PBMCs from the cell line were collected on day 9 or the antigen specific CD8+ T cell clones were thawed one day prior to use and subsequently, they were co-cultured at a 1:1 or 6:1 ratio with the following: i) thawed autologous PBMCs stimulated with CMV short peptide or unstimulated PBMCs; ii) HEK293 cells transfected with Co-stimulatory Molecules and pcDNA3.1-N-EGFP-Minigene encoding a fusion protein GFP-Minigene, HEK293 cells transfected with GFP-Minigene, HEK293 cells transfected with GFP and untransfected HEK293 cells; iii) autologous mDCs stimulated with short CMV peptide, long CMV peptide or recombinant pp65 CMV protein, and autologous mDCs unstimulated.

After 24 hours of culture, PBMCs or antigen specific CD8+ T clones were harvested, and their viability was assessed using Zombie Aqua staining. Surface markers CD3-PB, CD8-PE/Texas-Red, CD137-PE-Cy5, CD25-APC-Cy7, CD69-BV-650, OX40-BV-711, CTLA-4-PE-Cy7, PD-1-PerCP-Cy5.5, LAG-3-BV786, CD62L-AF700, and CD45RO-FITC were also labeled. Additionally, the CD154-PE marker was added to the culture medium in the corresponding wells at the time of co-culture establishment. Each sample reading consisted of a minimum of 30,000 events per experiment.

Statistical analysis

Statistical analysis was conducted using GraphPad Prism v8 software. Between-group comparisons were assessed using the Mann-Whitney and Kruskal-Wallis tests, as appropriate. Significant differences are depicted in the graphs, and the corresponding p-values are provided in the figure legends.

Results

Construction of artificial antigen presenting cells (aAPCs) using HEK293 cells

HEK293 cells (Human Epithelial Kidney) are epithelial-origin cells derived from human embryonic kidney cells. They are widely recognized for their utility in viral vector replication and production; these cells exhibit notable traits such as high transfection efficiency and accurate translation of proteins encoded by transfected DNA.

Flow cytometry analysis of the immunophenotype of HEK293 cells revealed the expression of several markers, including the co-stimulatory molecule CD80, as well as HLA-DR and CD14, commonly found on the membrane of myeloid-derived antigen-presenting cells (APCs) like monocytes and macrophages.

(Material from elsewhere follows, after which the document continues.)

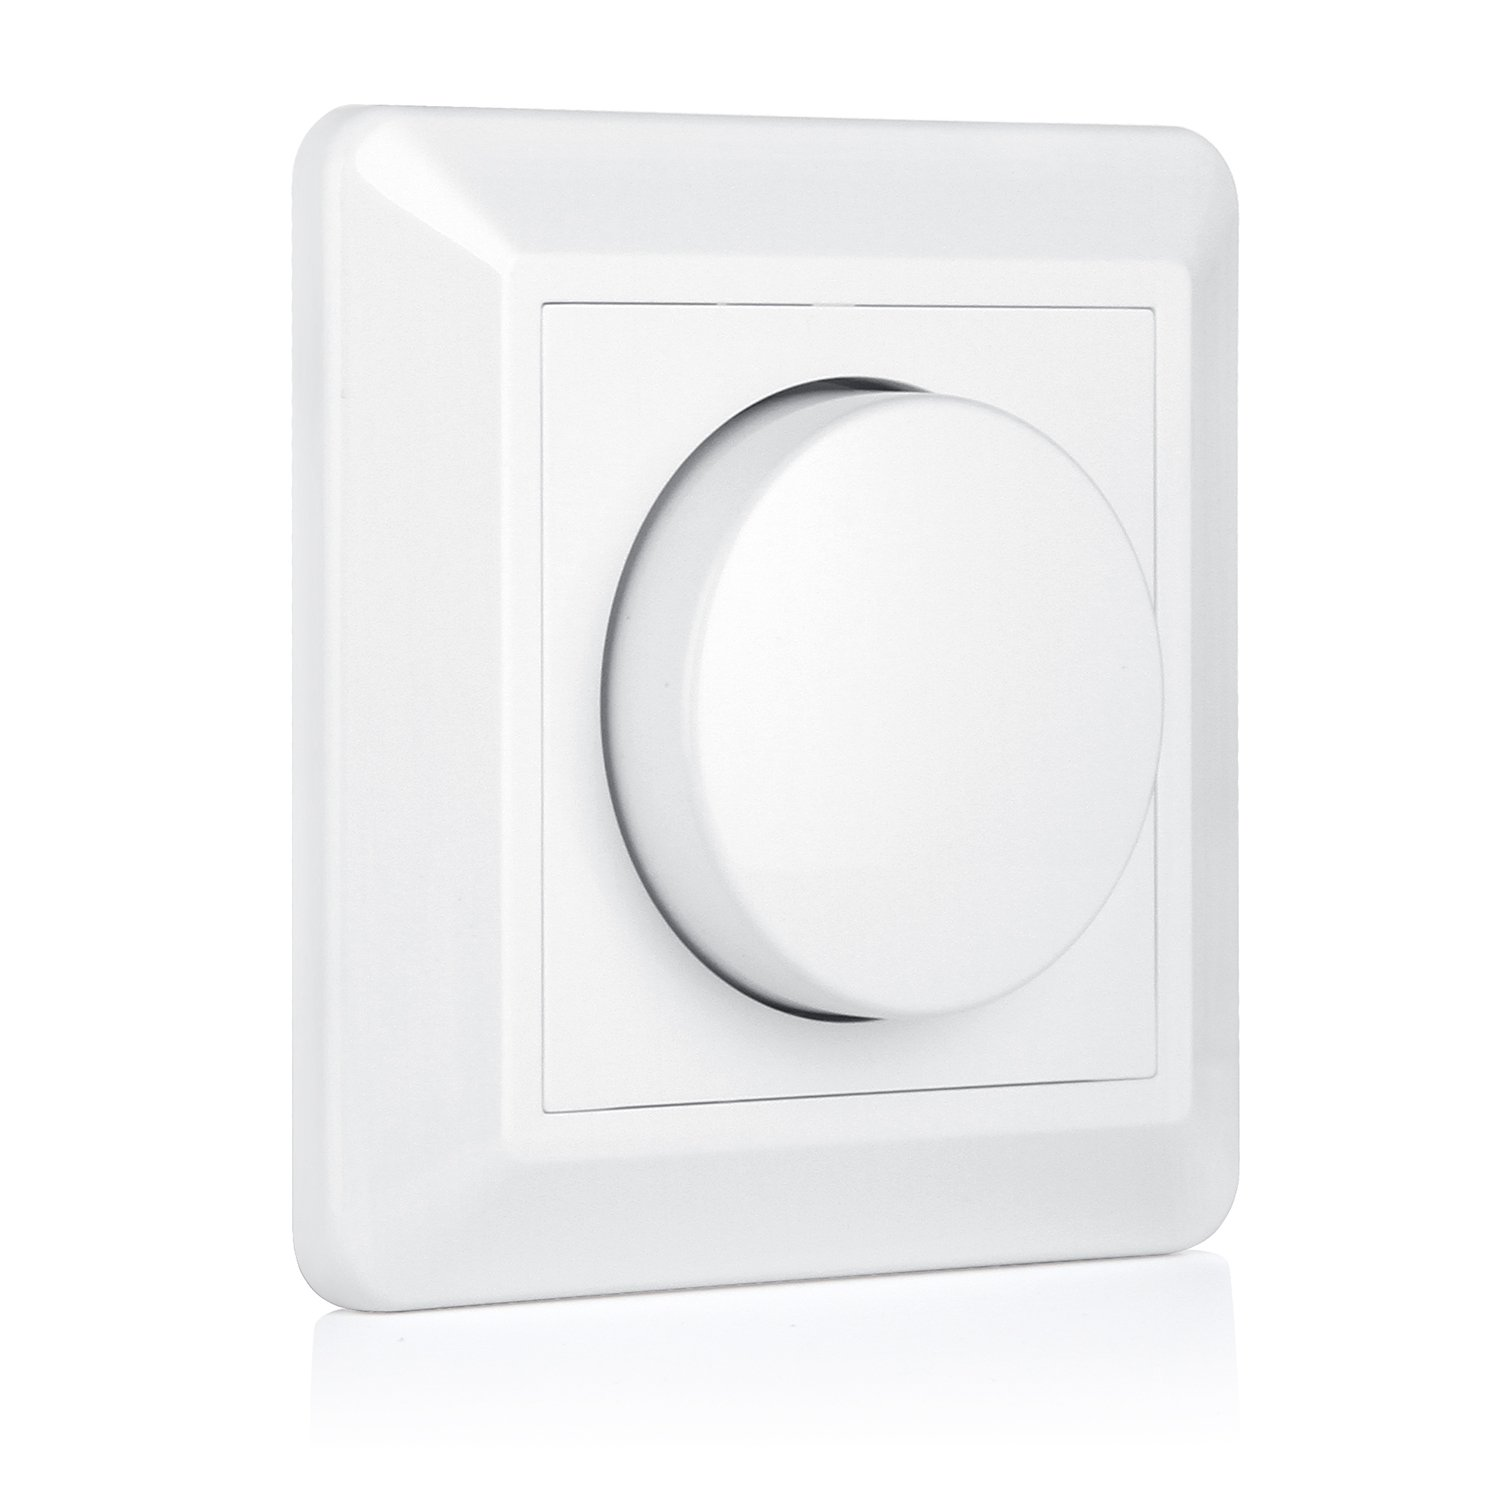 VIPMOON 220-240V 5-200W Push-On/Off Rotary LED Dimmer Switch EU-P3 para bombillas Led Luz de techo
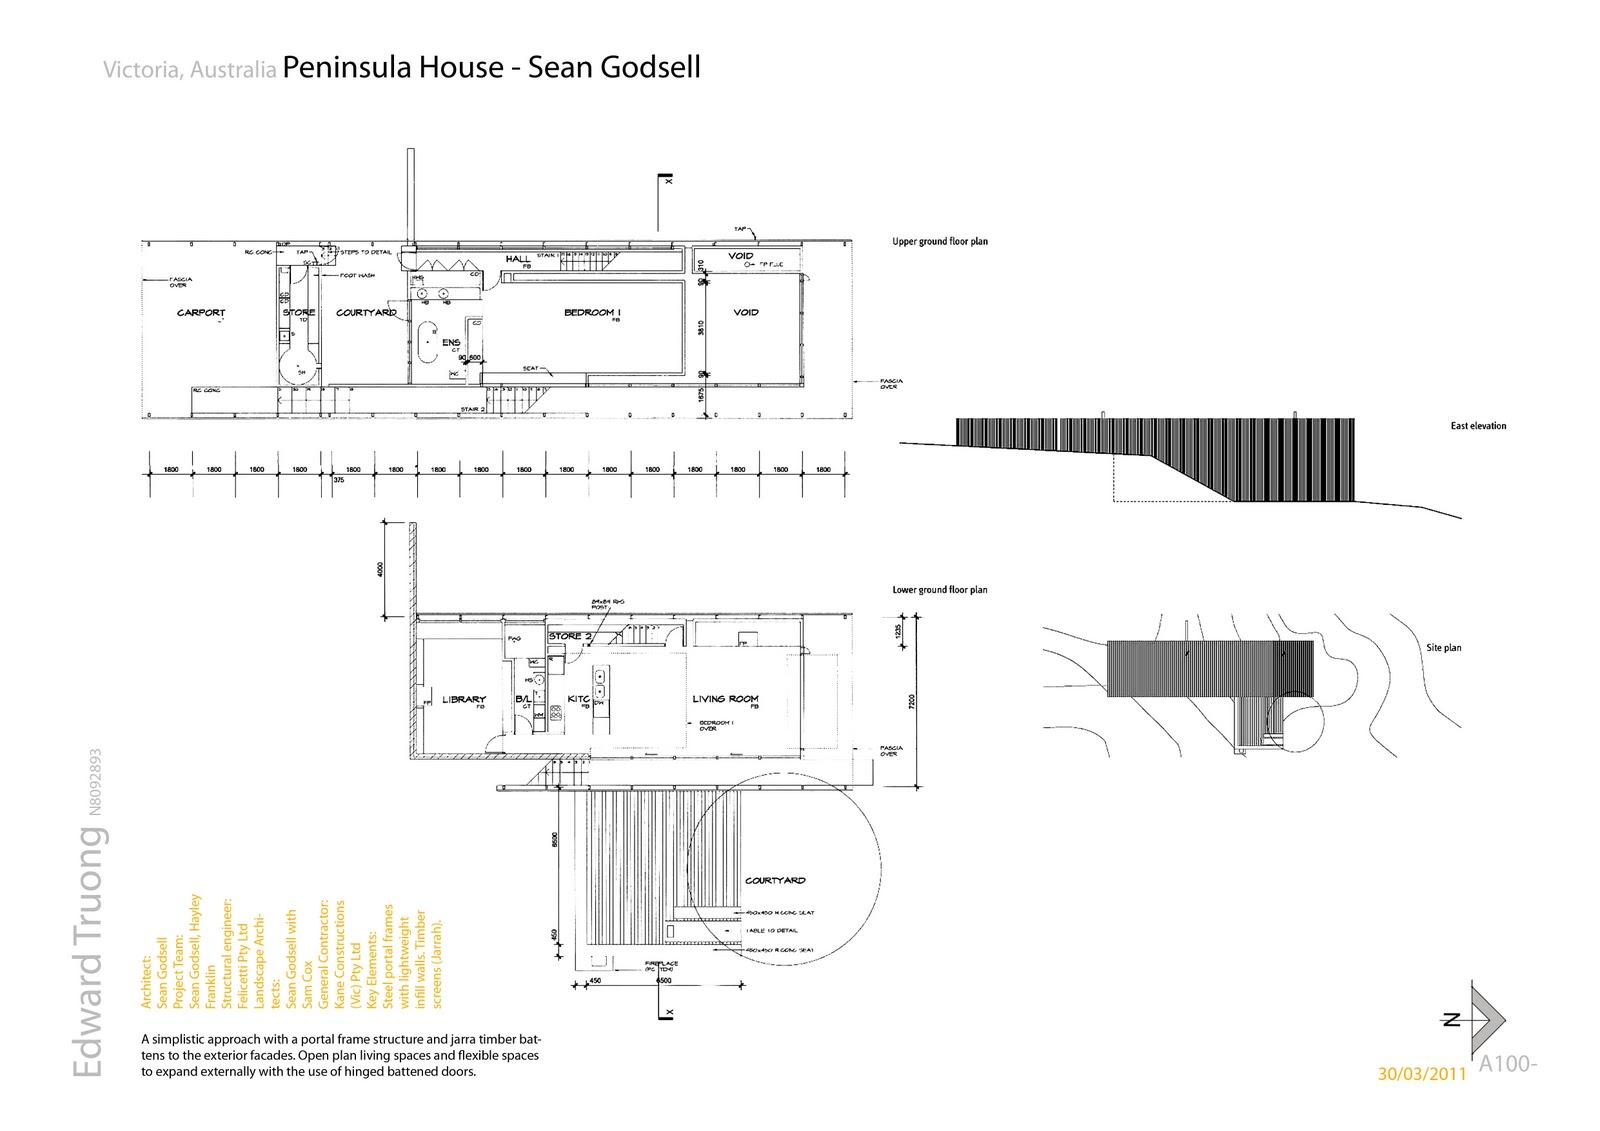 Qut Architecture De40 Project 1a Brief Analysis Of 3

Notably, the expressions of CD83 and CD40, which are characteristic of professional APCs such as dendritic cells (DCs), were absent (S1 Fig). Additionally, staining with the BB7 antibody, which recognizes a significant subset of HLA A * 02:01 alleles (referred to as HLA-A2), demonstrated notable surface staining of HEK293 cells (S2 Fig).

This surface molecule expression pattern led to the use of HEK293 cells as a platform for investigating their usefulness in engineering “artificial” APCs (aAPCs). HEK293 cells were transfected using Lipofectamine 3000 with the pcDNA3.1-N-EGFP-Minigene plasmid, which encodes a fusion protein comprising GFP and a minigene containing well-known viral and tumor-derived A2-restricted epitopes (referred from now on as GFP-Minigene). Additionally, cells were transfected with the pcDNA3.1-N-EGFP plasmid, which encodes GFP alone (referred to as GFP) and the GFP expression levels were measured via flow cytometry.

S3 Fig shows the transfection results, where an expression of GFP was observed when cells were transfected with GFP alone and with GFP-Minigene. However, cells transfected with GFP-Minigene exhibited lower GFP expression compared to those transfected with GFP alone, suggesting that the presence of the minigene may exert a toxic effect on GFP expression.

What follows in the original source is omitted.